雨の中女子高生を拾った日からまだ一月も経っていない。だというのに今度は女子小学生を拾ってしまった。
今回は直接ではなく間接なのであるが、だからといって弁明の余地があるかといえば微妙なところだ。事情を知らない他人から見れば俺はどう好意的に解釈しても怪しさ200%の男である。
誰だってそう思う。俺だってそう思う。
そして今回の件は問題の大きさがさとうの時の比ではなかった。
さとうが拾ってきた女の子は名を神戸しおというようなのであるが、それ以外の情報がほとんど謎に包まれているのだ。

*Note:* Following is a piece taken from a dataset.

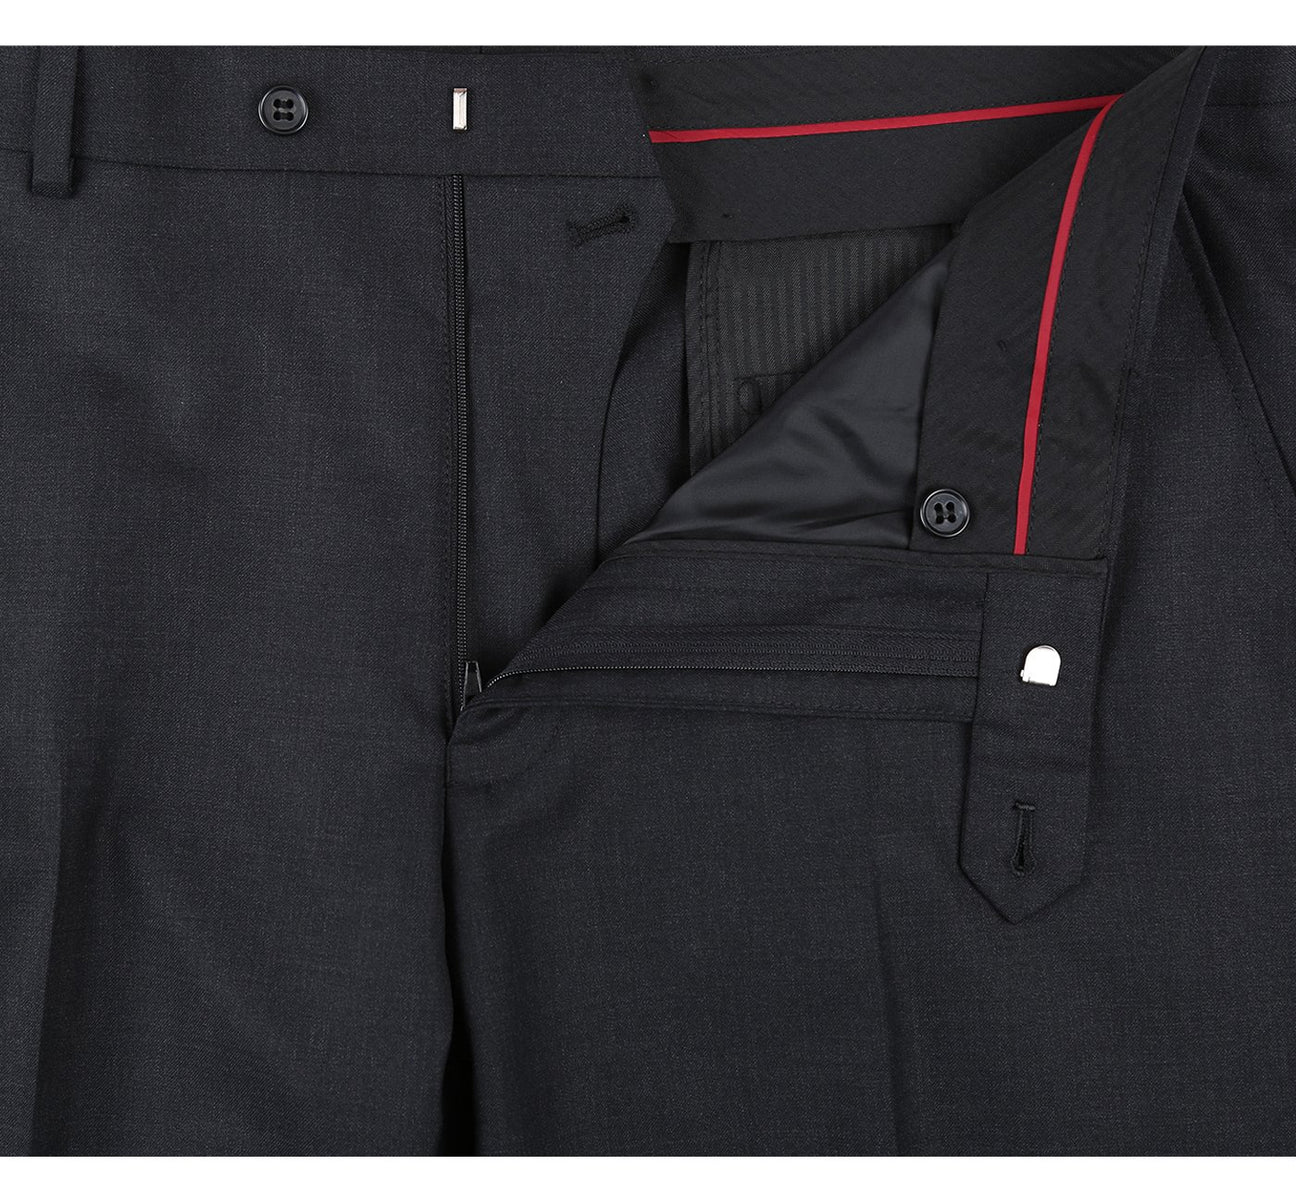 Renoir Charcoal Slim Fit Flat Front 100% Wool Suit Pant

しお本人が教えてくれた事といえば名前の他にあとは年齢くらいのものである。しかしこれはしおが俺たちを信用できないなどの理由で黙秘している訳ではなかった。彼女は記憶喪失だったのだ。面倒事の予感しかしない。嘘だと言ってよシーオー。
ならばなぜしおは記憶喪失になってしまったのか。
それはさとうとの話し合いを経てある程度推測できた。
しおはその日年上の女の人に置き去りにされたらしい。その事はさとうに聞かされた。彼女はその一部始終を偶然にも目撃していたのだ。
さとうの見解ではしおを置き去りにした人物はおそらく母親なのではないかと言っていたが、例えば親戚のおばさんだったとしてもしおの保護者的立場の人物であることは確かなのだろうと思う。
それ程までにさとうの観察眼は眼を見張るものがあるのだ。いや、ほんとまじで。たまに怖いくらいの正確性なんだよなぁ……。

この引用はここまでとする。